WikiLeaks cables: Mervyn King plotted banks bailout by four cash-rich nations
Bank of England governor suggested new group of UK, US, Swiss and Japan could facilitate global bailout, cable shows
Jill Treanor, Monday 13 December 2010 23.00 GMT
The Bank of England governor, Mervyn King, was so concerned about the health of the world's banks in March 2008 that he plotted a secret bailout of the system using funds from cash-rich nations, according to a US embassy cable released by WikiLeaks.
Six months before the world financial crisis reached its peak, forcing taxpayers to rescue collapsing financial institutions, King told US officials in London that the UK, US, Switzerland and Japan could jointly enable a multibillion-pound cash injection into global banks, overriding the "dysfunctional" G7 nations.
The leak may allow King to claim that he – rather than Gordon Brown – was one of the brains behind the bailout of the banks, which took place in October 2008.
According to the cable, King told Robert Tuttle, the US ambassador to Britain, and the treasury deputy secretary Robert Kimitt, who was visiting London, that there needed to be a "coordinated effort to possibly recapitalise the global banking system" as well as a way to rid the banks of the toxic loans on their balance sheets.
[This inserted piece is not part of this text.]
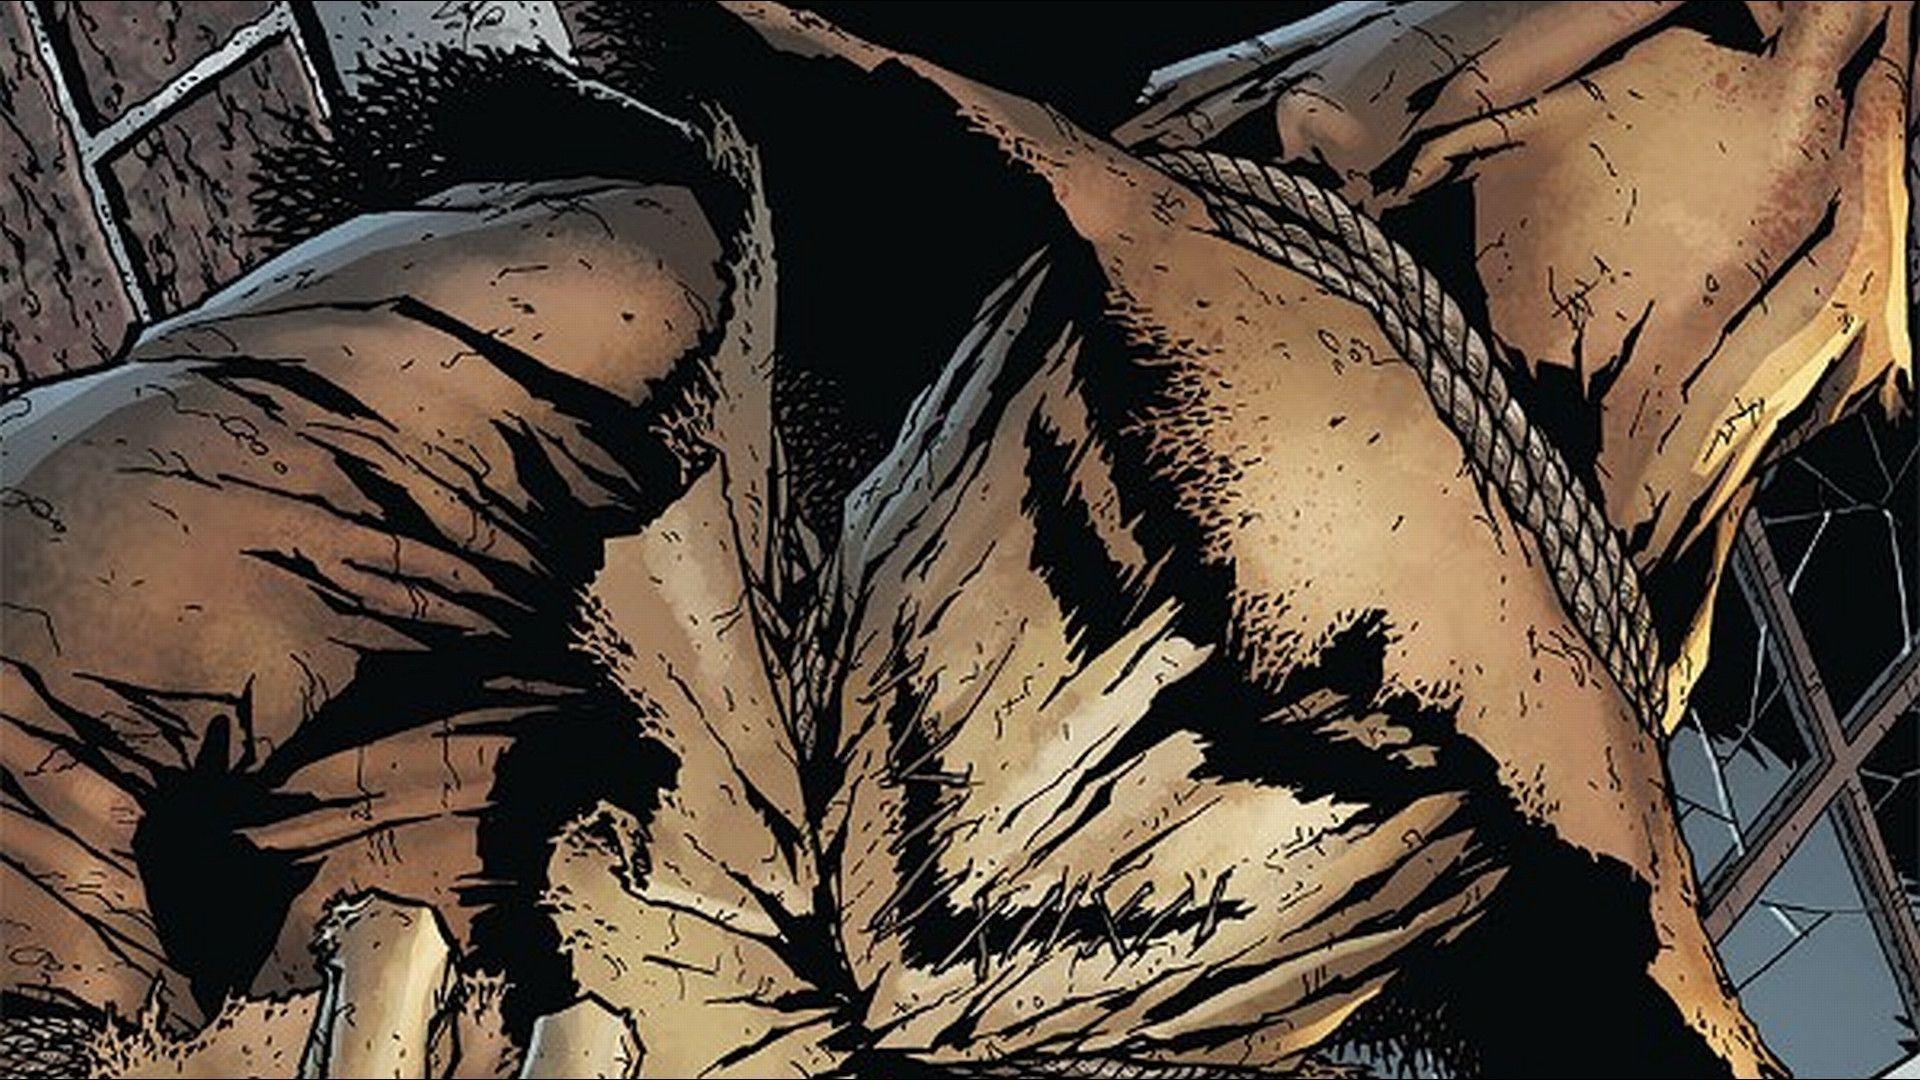 Batman Scarecrow Wallpapers 1920x1080

The ambassador said in the cable, dated March 2008, that King's proposals "were not casual ideas developed in the course of a luncheon conversation. It was clear that his principal objective in the meeting was to outline his outside-the-box thinking for Kimmitt. King suggested that the US, UK, Switzerland and perhaps Japan might form a temporary new group to jointly develop an effort to bring together sources of capital to recapitalise all major banks." more
Not everyone has a sleazy Bank of England clone in their government plotting ever new ways to destroy their economies.  Here we see that Hungary has grown tired already of neoliberal "solutions."
Hungary rolls back pension reform, defies markets
By Gergely Szakacs and Marton Dunai
BUDAPEST | Mon Dec 13, 2010 1:47pm EST
(Reuters) - Hungarian lawmakers voted to roll back a 1997 pension reform on Monday, effectively allowing the government to seize up to $14 billion in private pension assets to cut the budget deficit while avoiding austerity measures.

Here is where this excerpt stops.